How GhostInterview Helps

• GhostInterview helps by suggesting efficient ways to implement stack-based state management for this problem.
• The solver guides candidates to avoid common pitfalls like inefficient string manipulation techniques, which could lead to suboptimal performance.
• GhostInterview provides insights into how to handle complex cases where new occurrences of part might emerge after removing an old one.

Topic Pages

• String
• Stack
• Simulation

Related GhostInterview Pages

• LeetCode Interview Copilot - Use GhostInterview as a live solver when you want direct help with LeetCode-style coding questions.
• Coding Interview Assistant - See how GhostInterview supports array, string, linked list, graph, and tree interview workflows.
• How GhostInterview Works - Review the screenshot, reasoning, and answer flow before using the solver in a live interview.

FAQ

What is the primary pattern used to solve the "Remove All Occurrences of a Substring" problem?

The primary pattern for solving this problem is stack-based state management, which allows for efficient removal of all occurrences of a substring in the string.

How do we handle the appearance of new occurrences of part in "Remove All Occurrences of a Substring"?

New occurrences of part can appear after a removal.
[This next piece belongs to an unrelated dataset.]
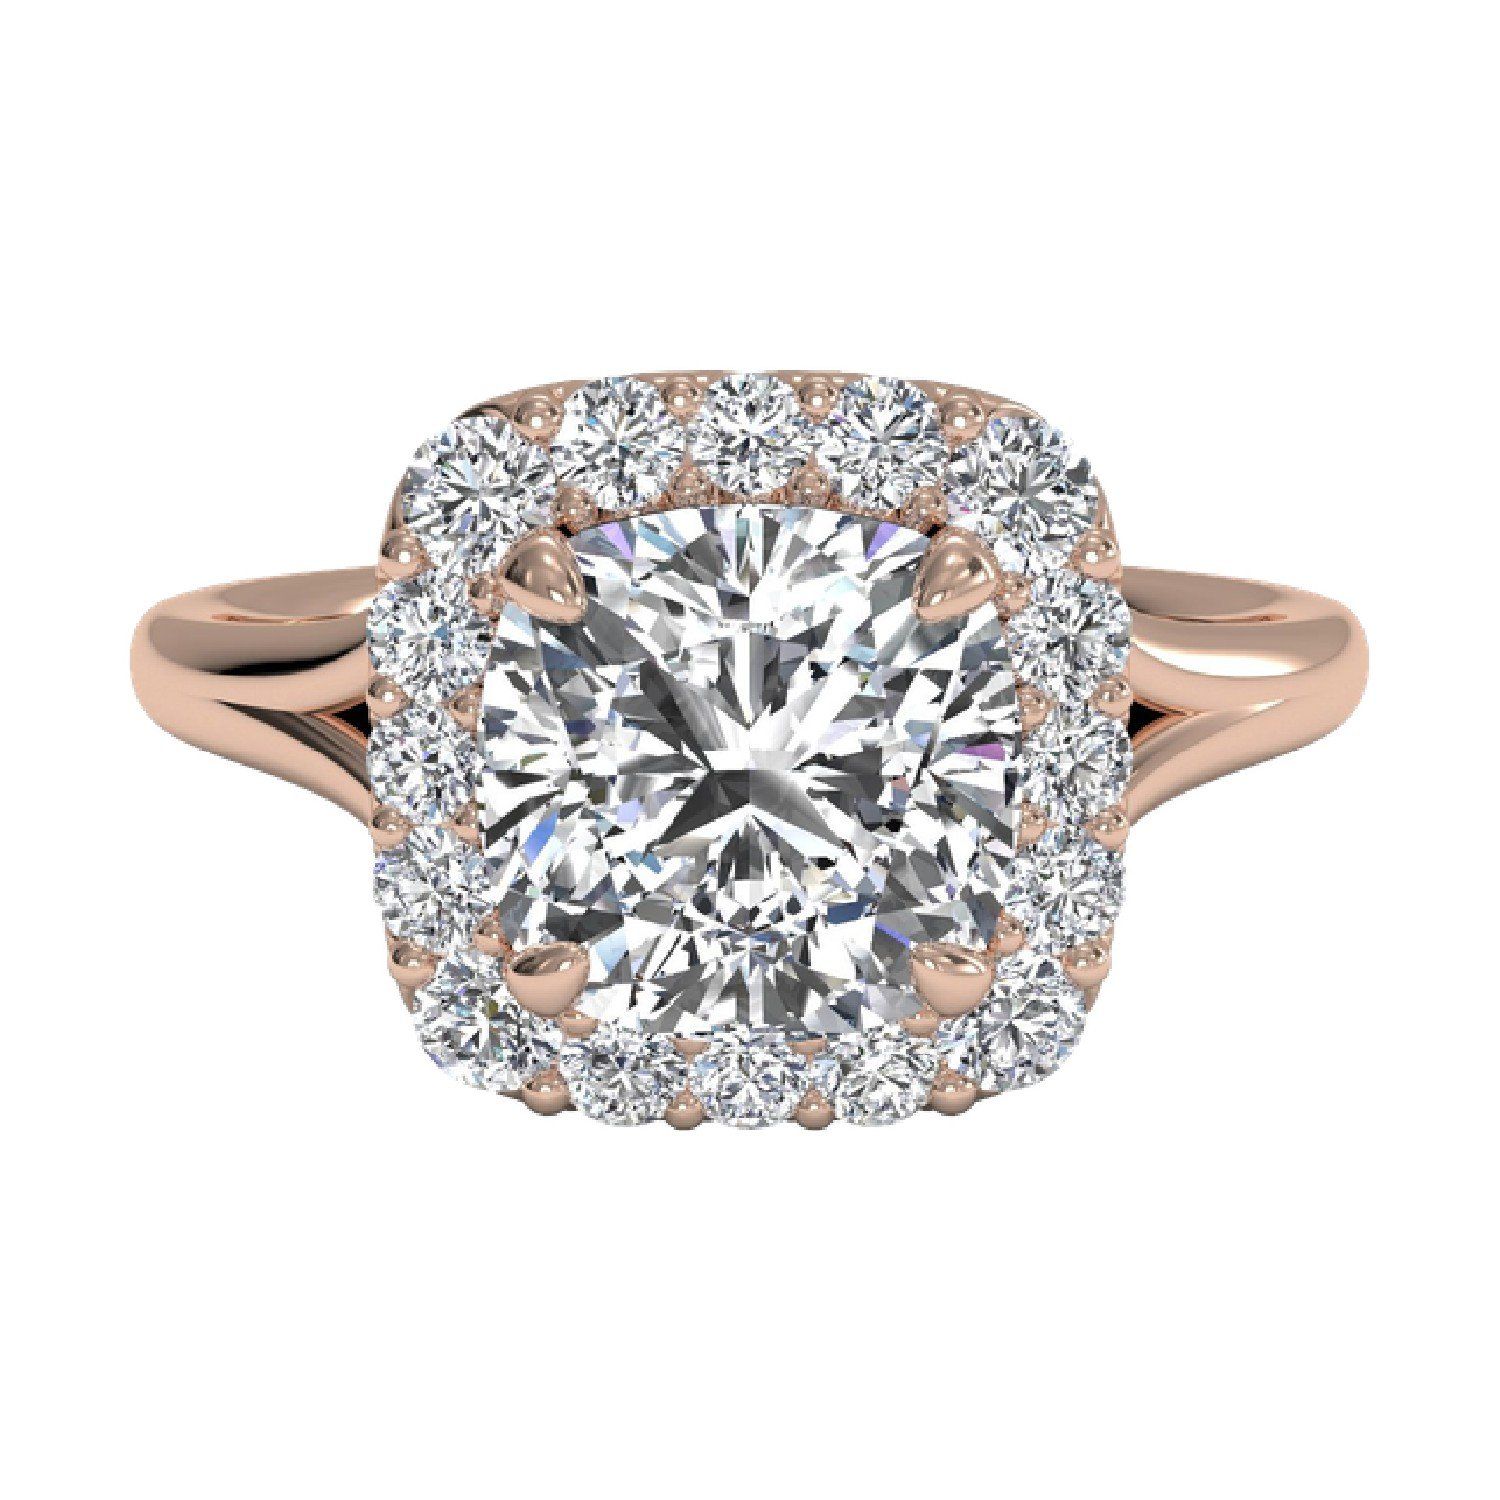 Rose gold engagement ring with a french-set diamond halo

The stack approach ensures that these new occurrences are identified and removed efficiently in subsequent steps.

What is the time complexity of the "Remove All Occurrences of a Substring" problem?

The time complexity is O(n + m), where n is the length of string s and m is the length of part.

Can the "Remove All Occurrences of a Substring" problem be solved without using a stack?

While it can be done using other methods like string slicing or regular expressions, the stack-based approach is the most efficient and optimal for this problem.

What are common mistakes when solving the "Remove All Occurrences of a Substring" problem?

Common mistakes include failing to check for new occurrences of part after removal, using inefficient string operations, and not leveraging the stack for optimal state management.